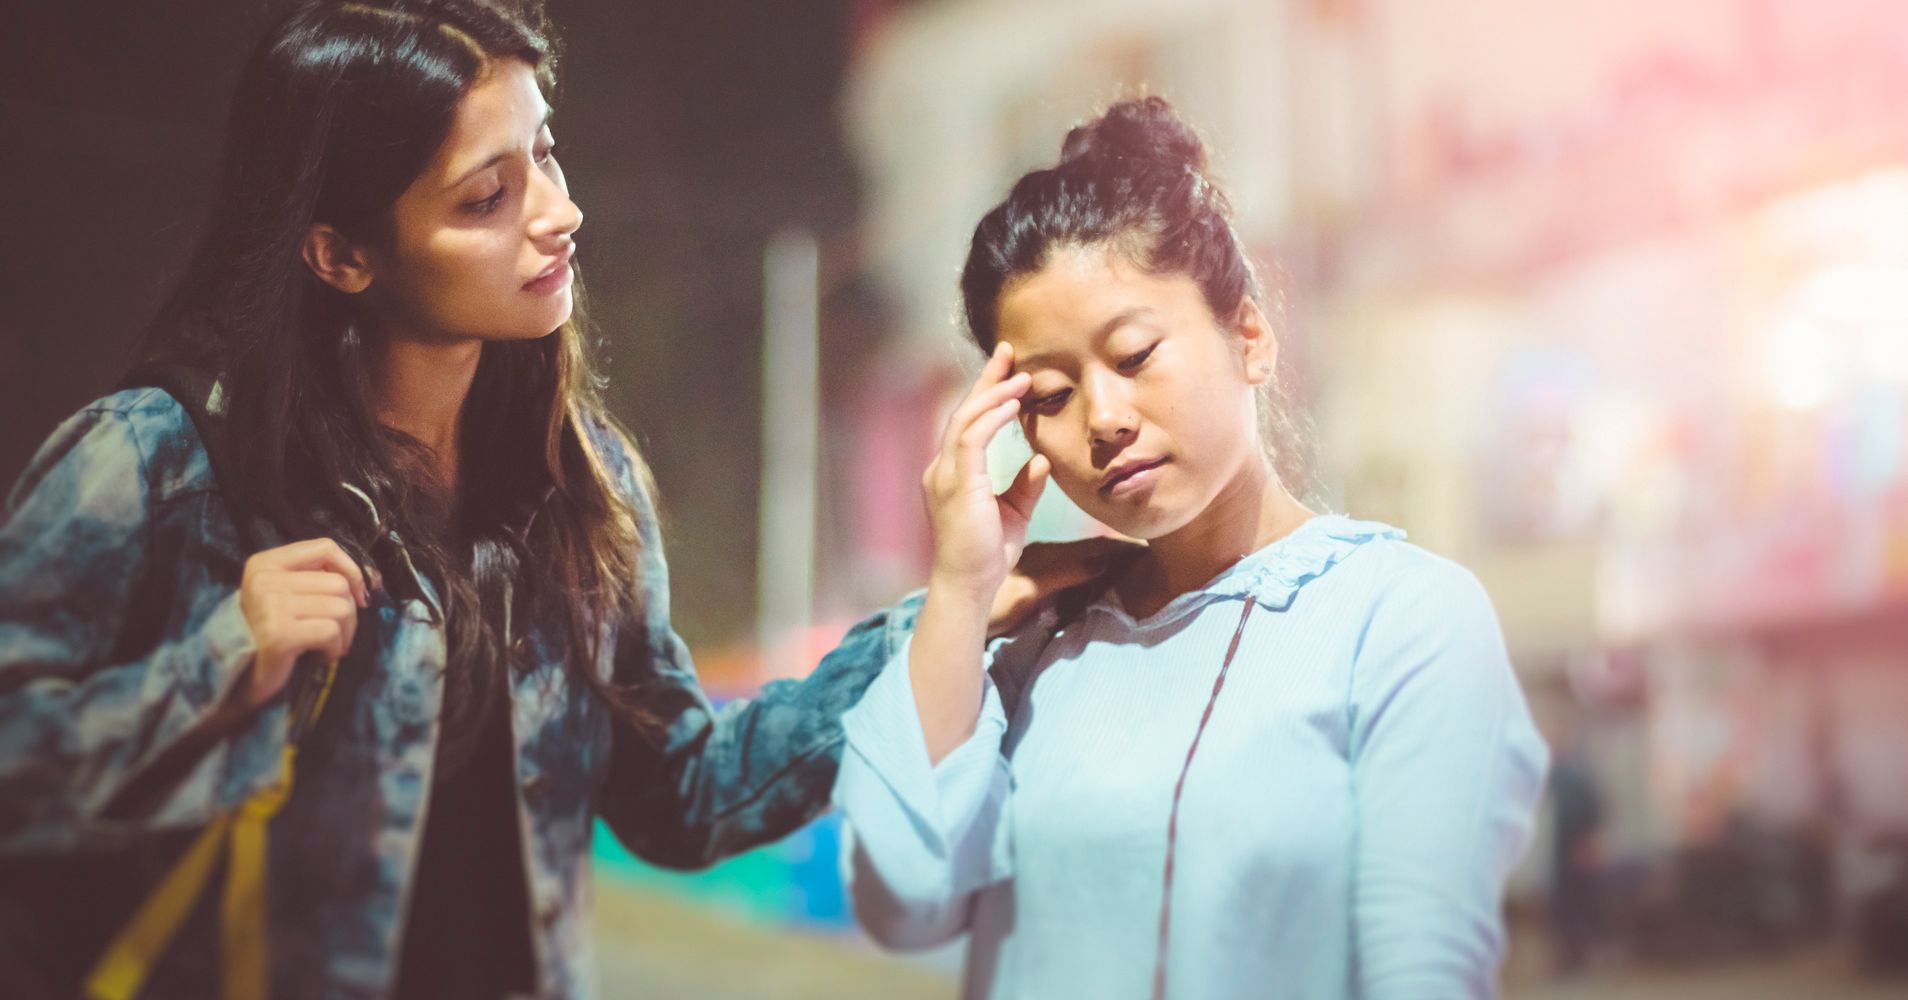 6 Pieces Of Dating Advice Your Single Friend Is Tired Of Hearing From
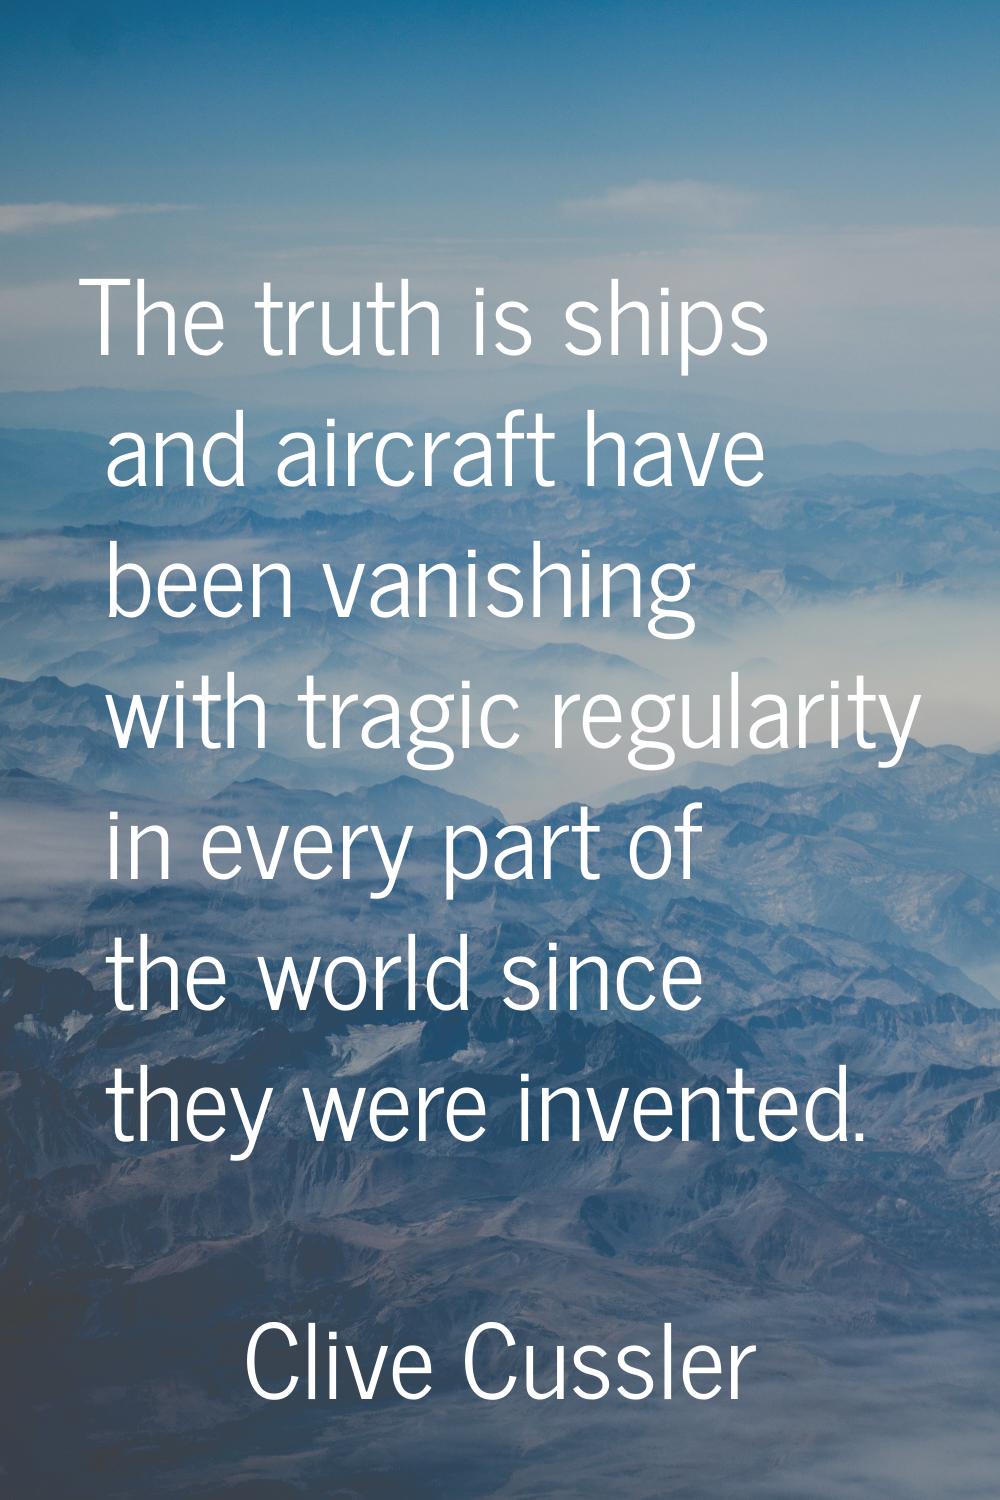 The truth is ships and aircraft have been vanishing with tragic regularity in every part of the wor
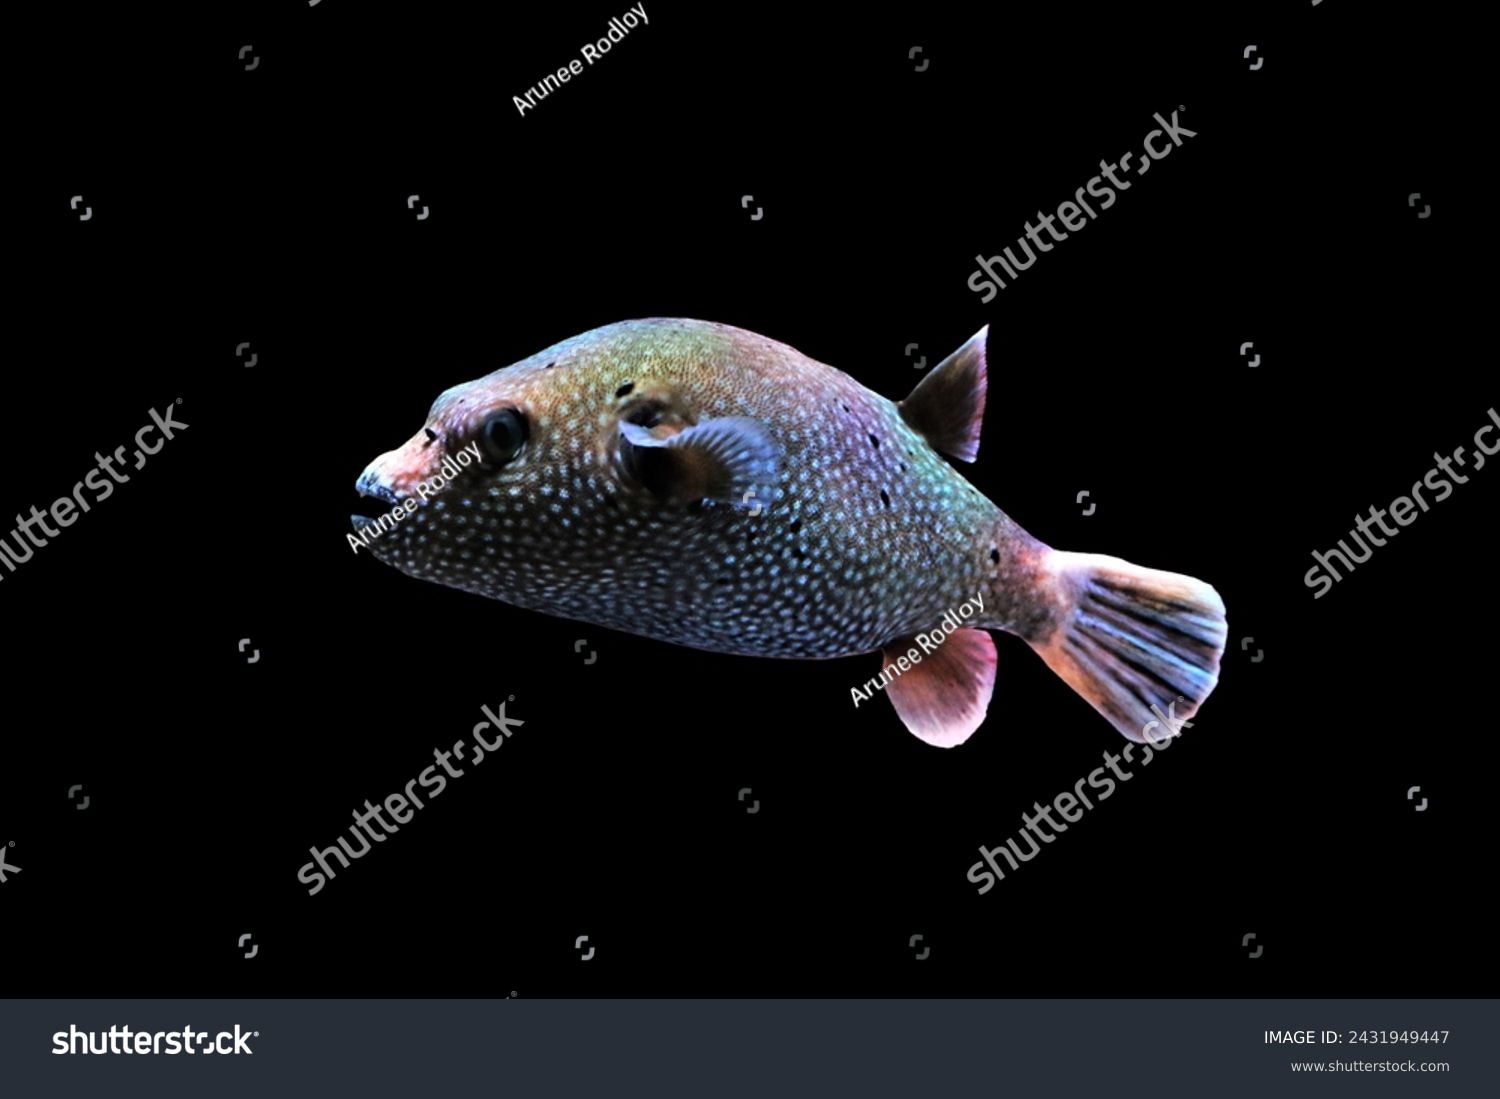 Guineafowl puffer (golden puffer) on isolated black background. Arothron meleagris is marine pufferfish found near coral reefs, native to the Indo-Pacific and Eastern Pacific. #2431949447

-----

◆ **Your objective**: Print the data exactly, from its first line to the line containing "The truth is", both included. Omit the pictures.

◆ **Result for this task**:
 6 Pieces Of Dating Advice Your Single Friend Is Tired Of Hearing From
 The truth is ships and aircraft have been vanishing with tragic regularity in every part of the wor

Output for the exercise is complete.